- _Assignment_:
No pictures should appear in the copy. Reproduce exactly the lines from the one containing "El 'Imprescindibles' sobre" through the end of the material below.

- _Dataset excerpt_:
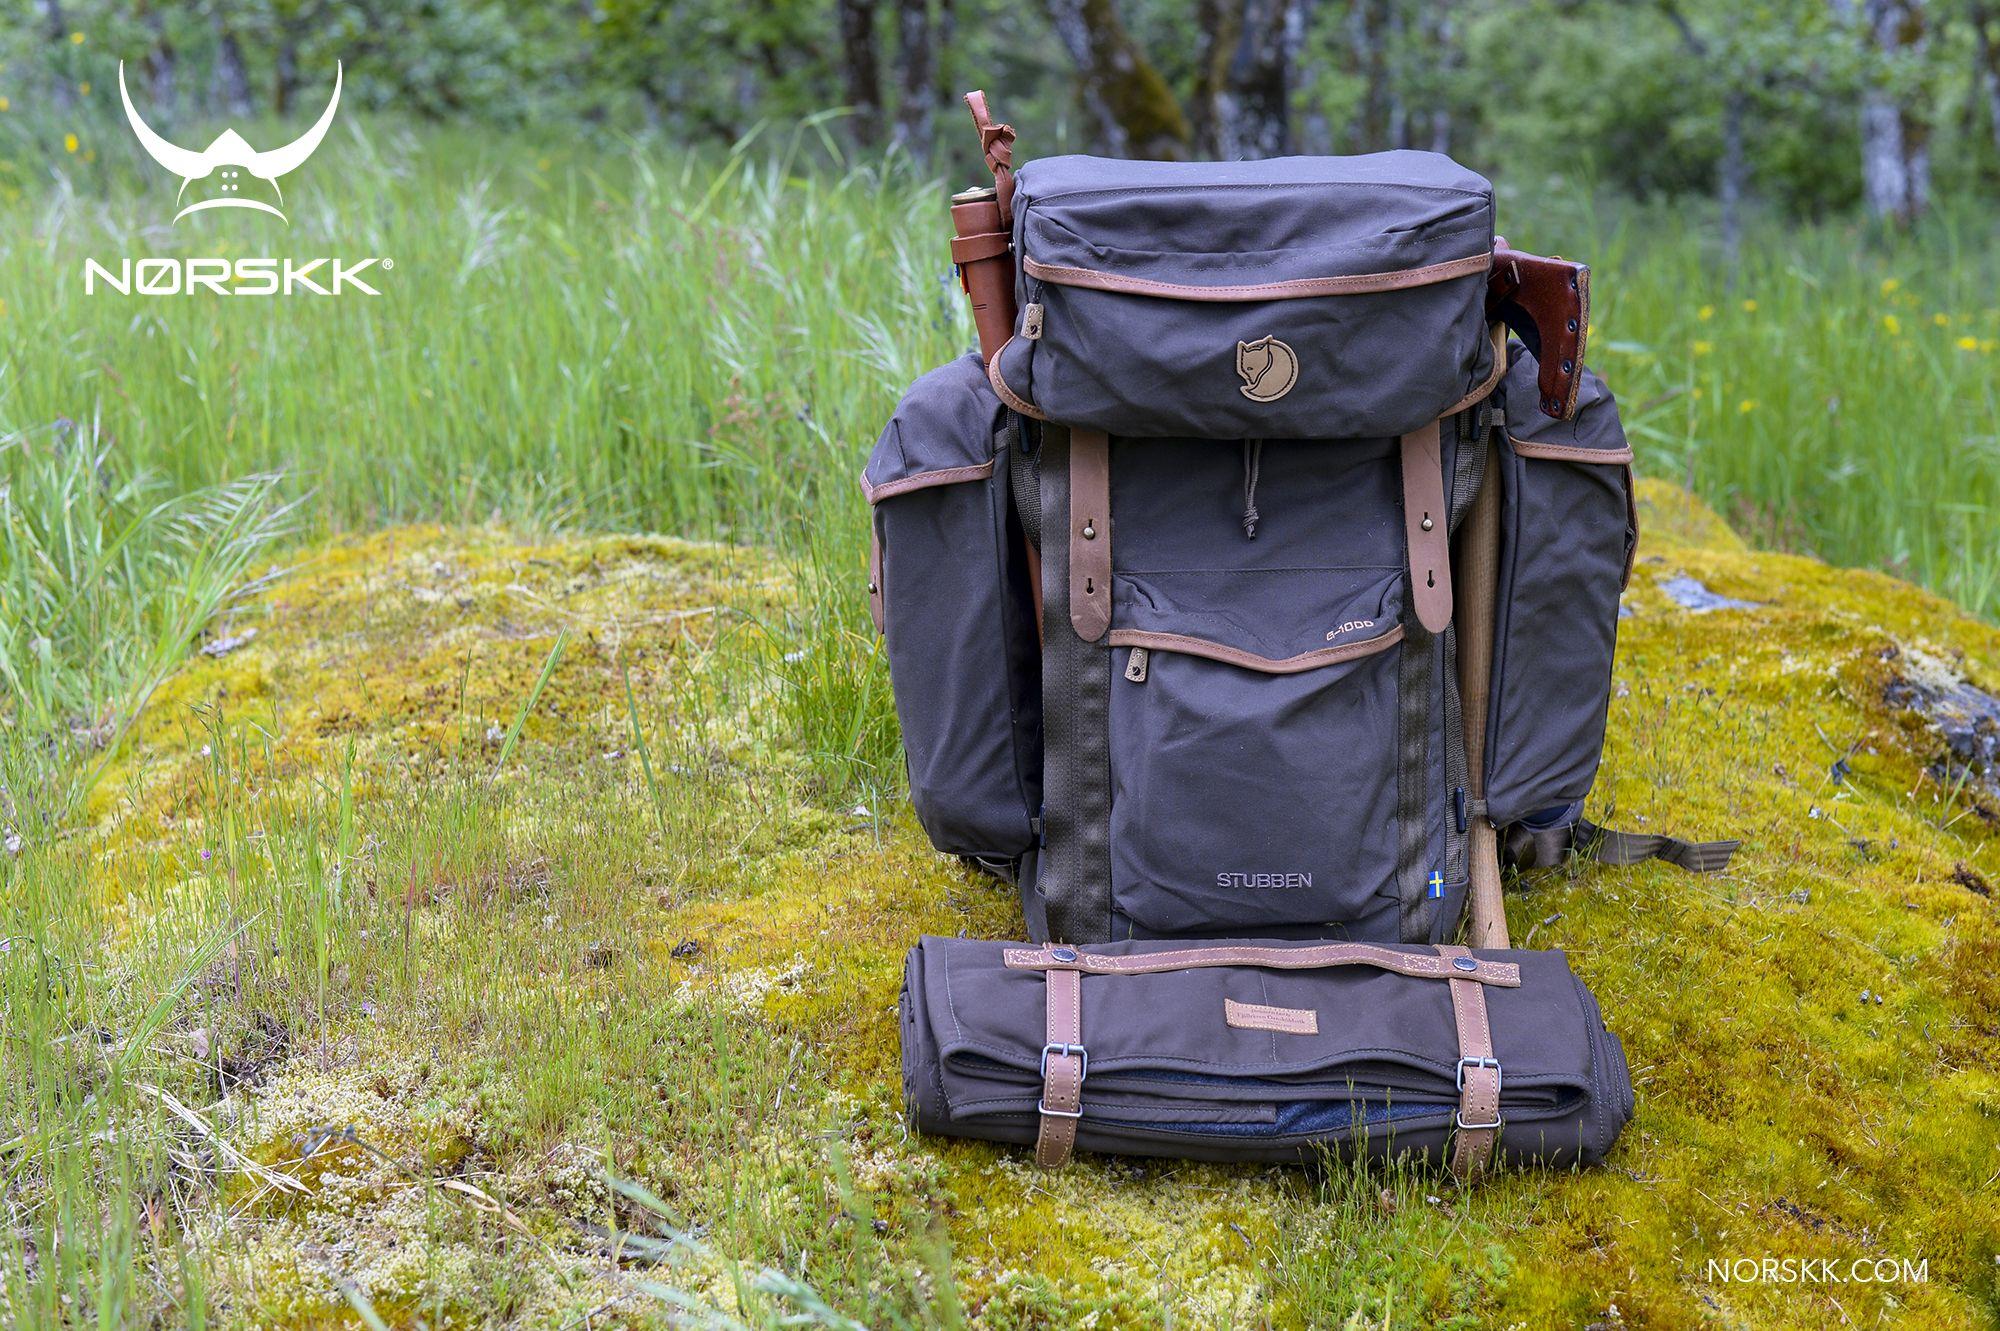 Fjllrven Stubben Pack With Vik Blanket Survivalism Pinterest Fjallraven Kanken Laptop 15ampquot Forest Green
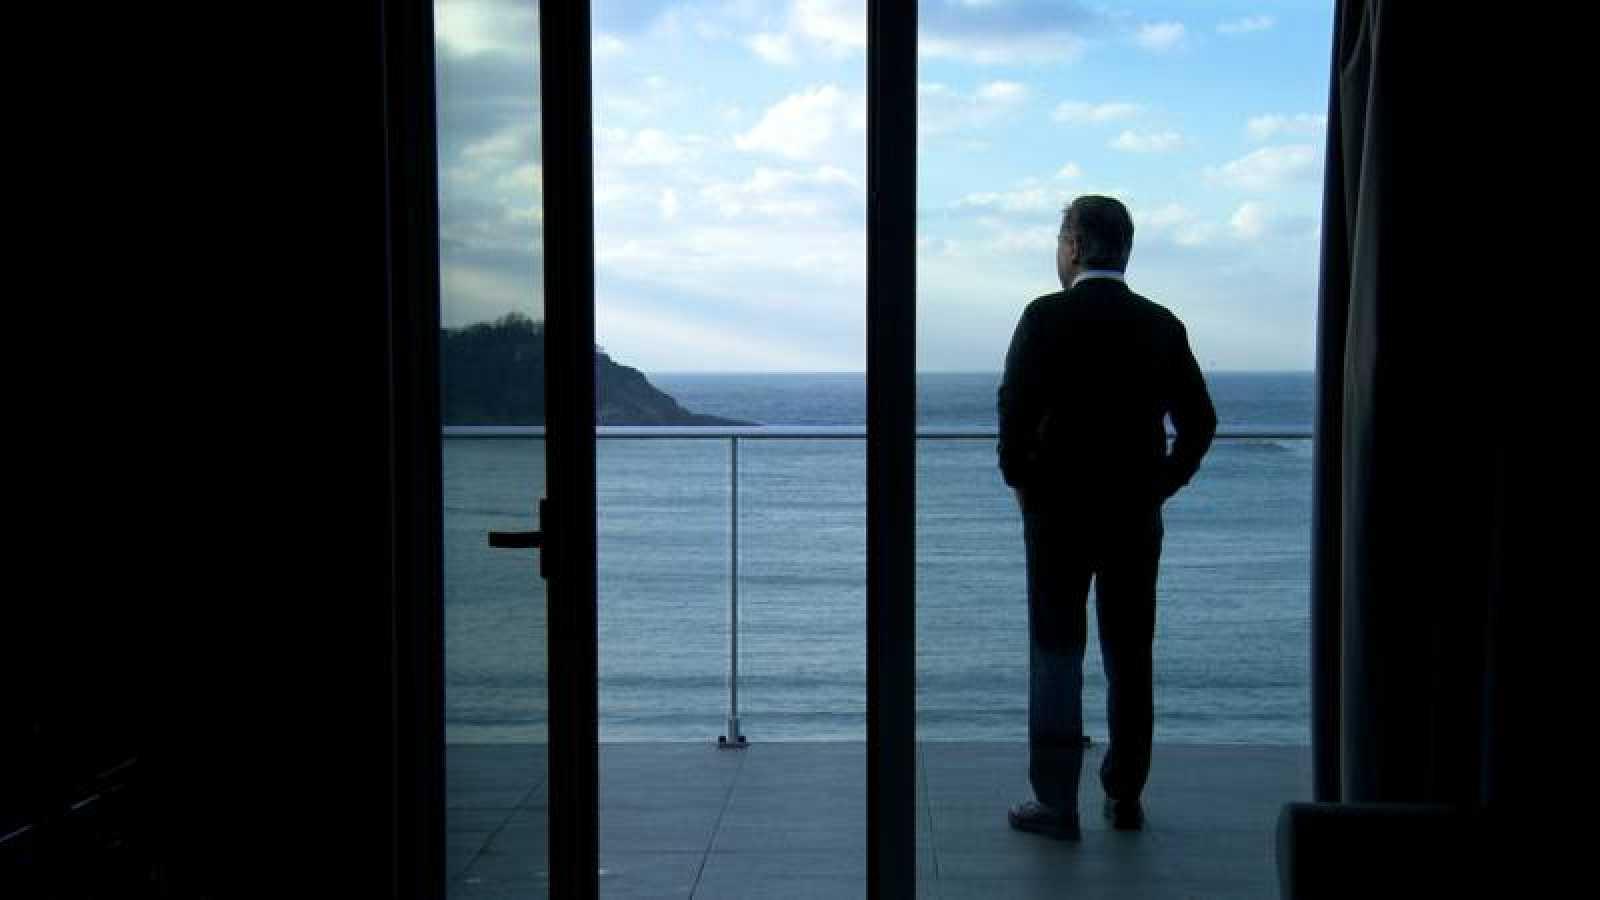 El 'Imprescindibles' sobre Iñaki Gabilondo será el primero en estrenarse en la CINETECA
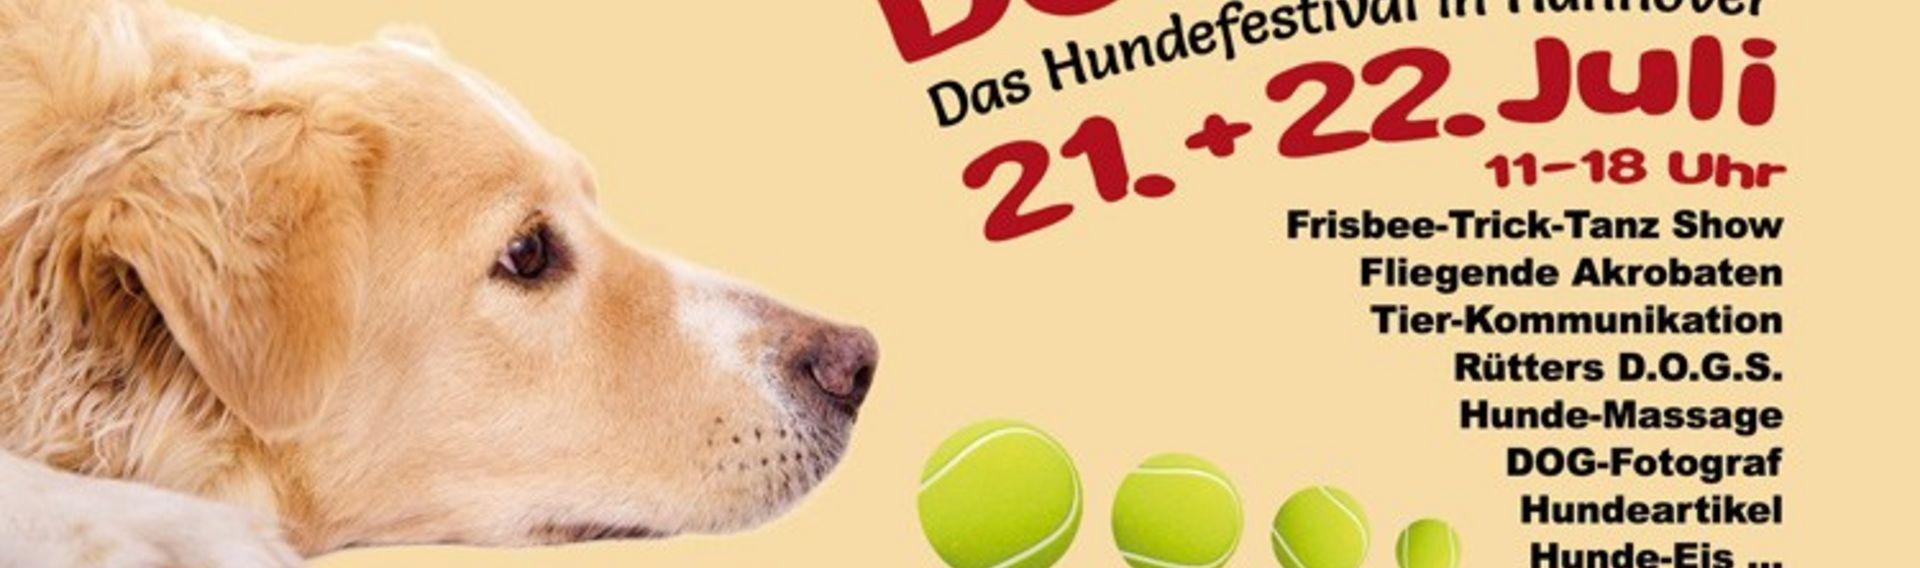 DogDays Hannover 2018 – 21. bis 22. Juli
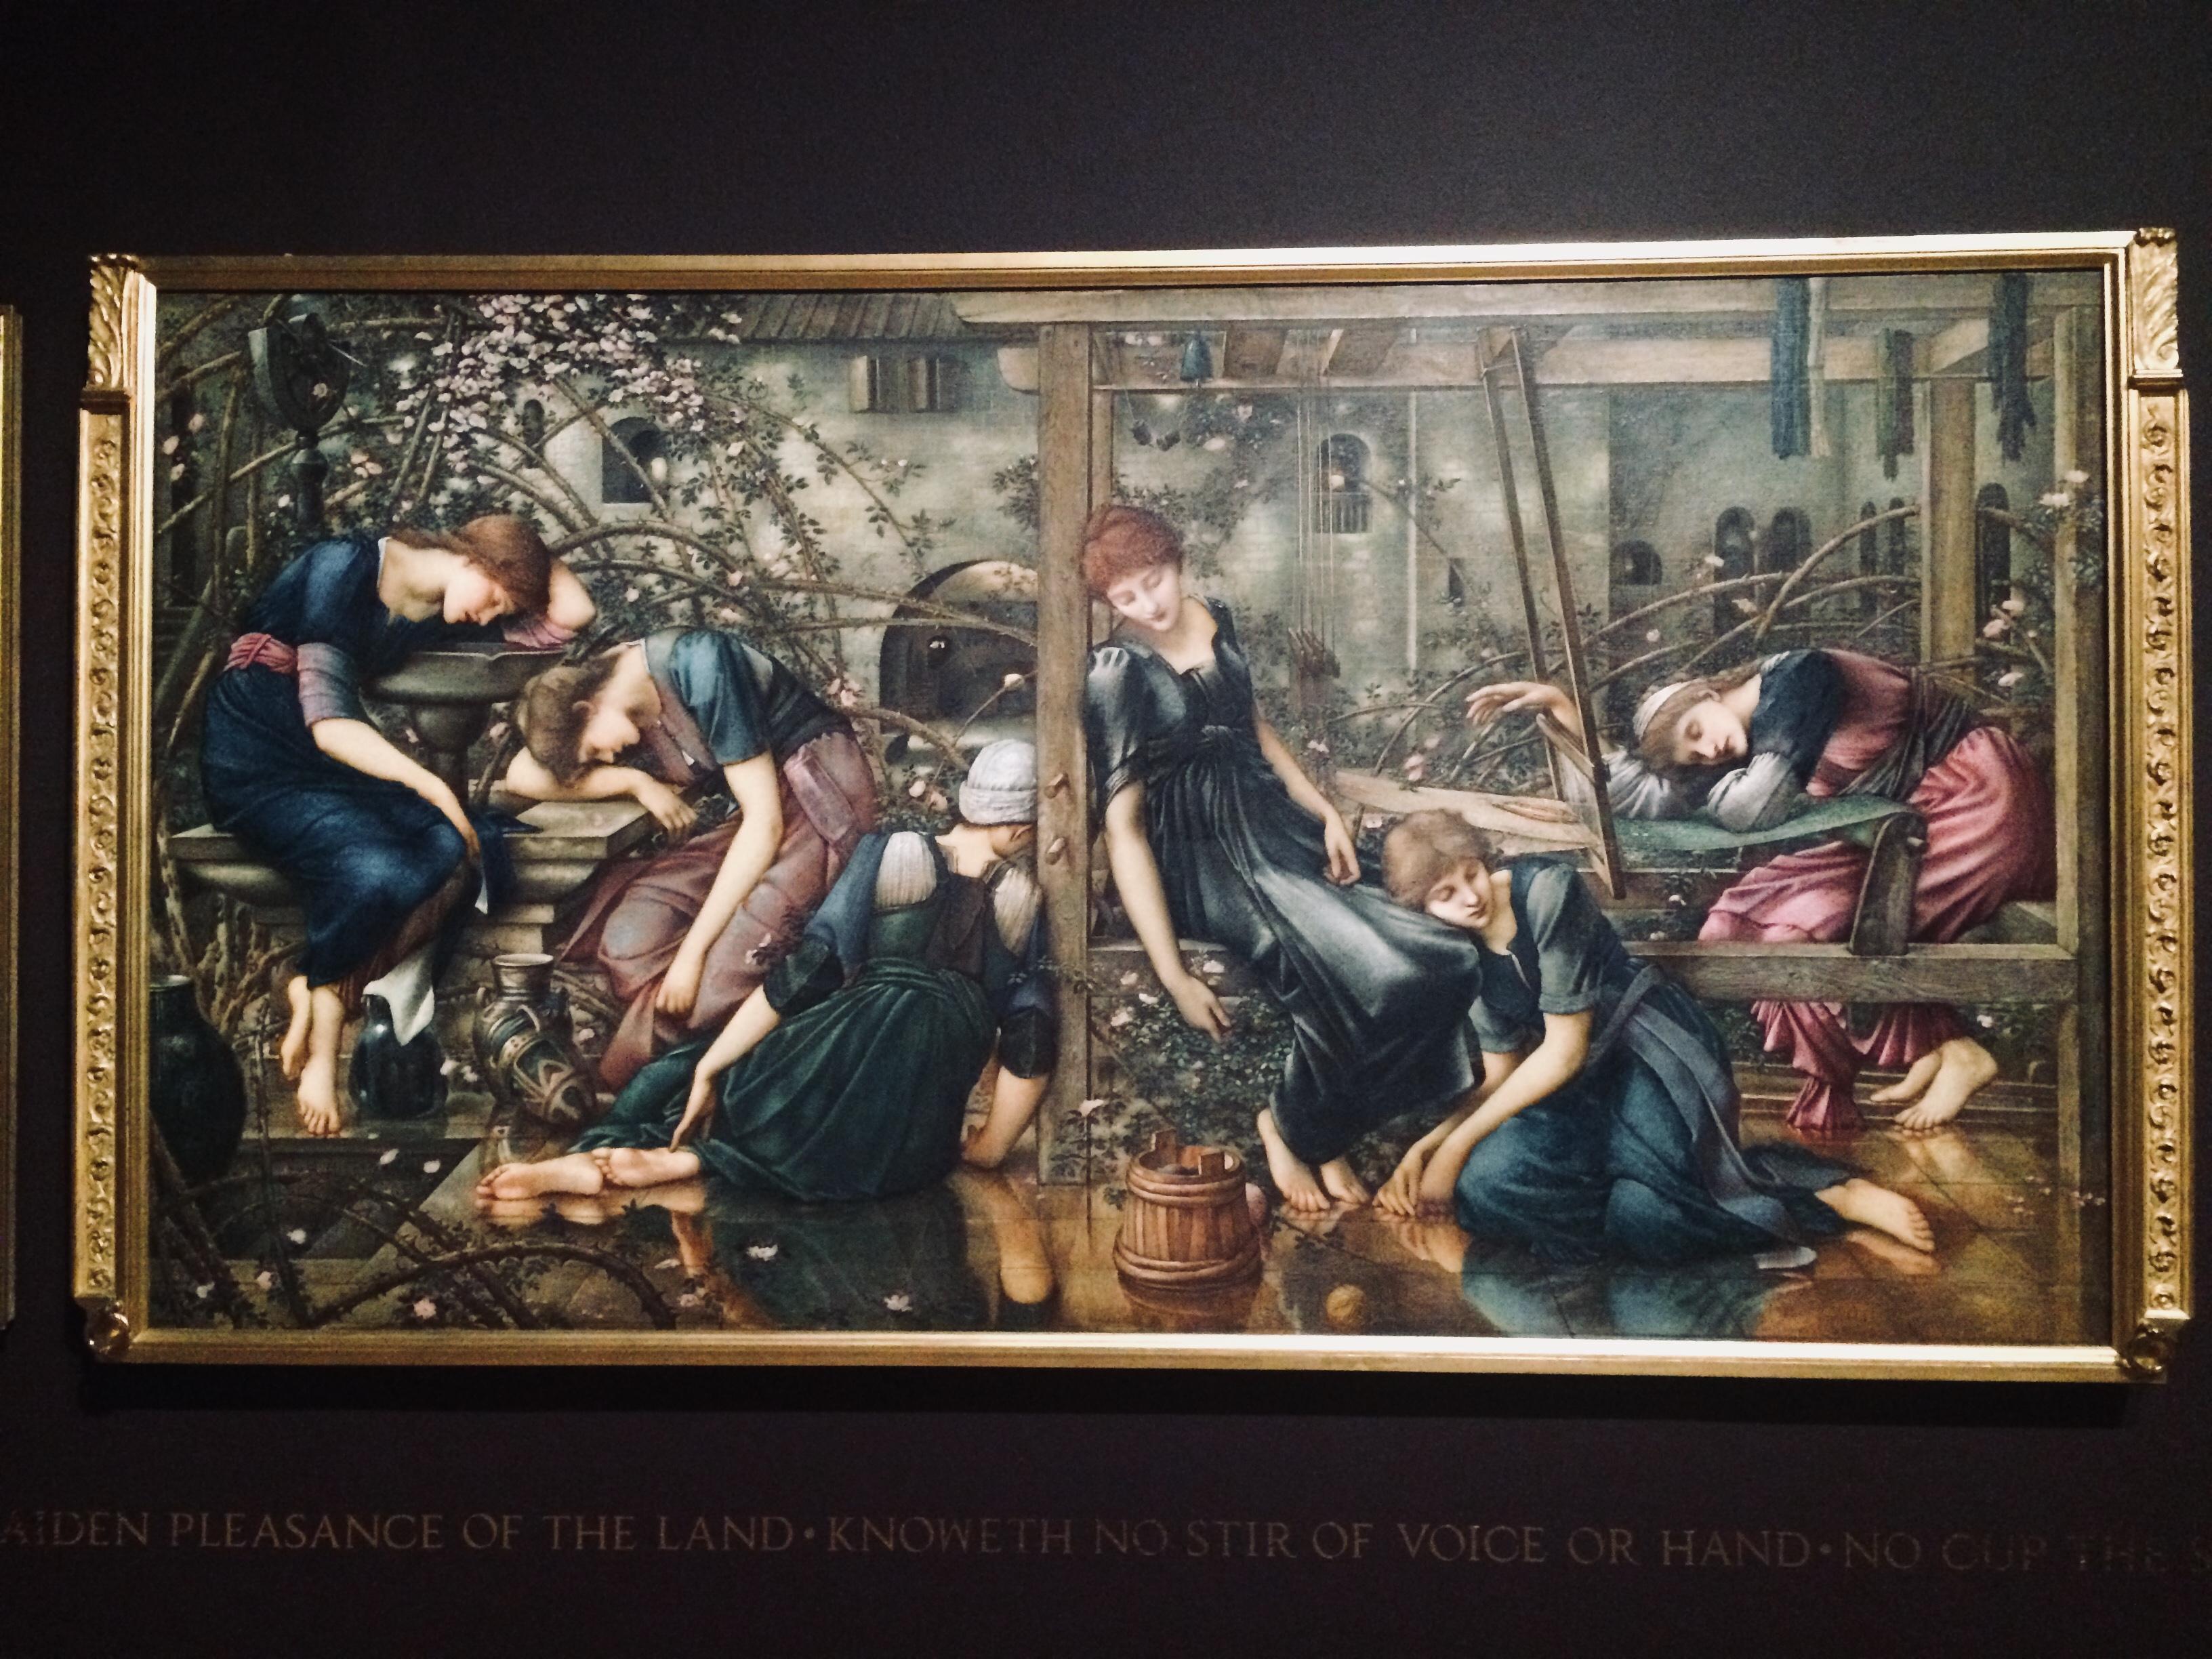 Burne-Jones_Sleeping Beauty 1

- _Result_:
 El 'Imprescindibles' sobre Iñaki Gabilondo será el primero en estrenarse en la CINETECA
 DogDays Hannover 2018 – 21. bis 22. Juli
 Burne-Jones_Sleeping Beauty 1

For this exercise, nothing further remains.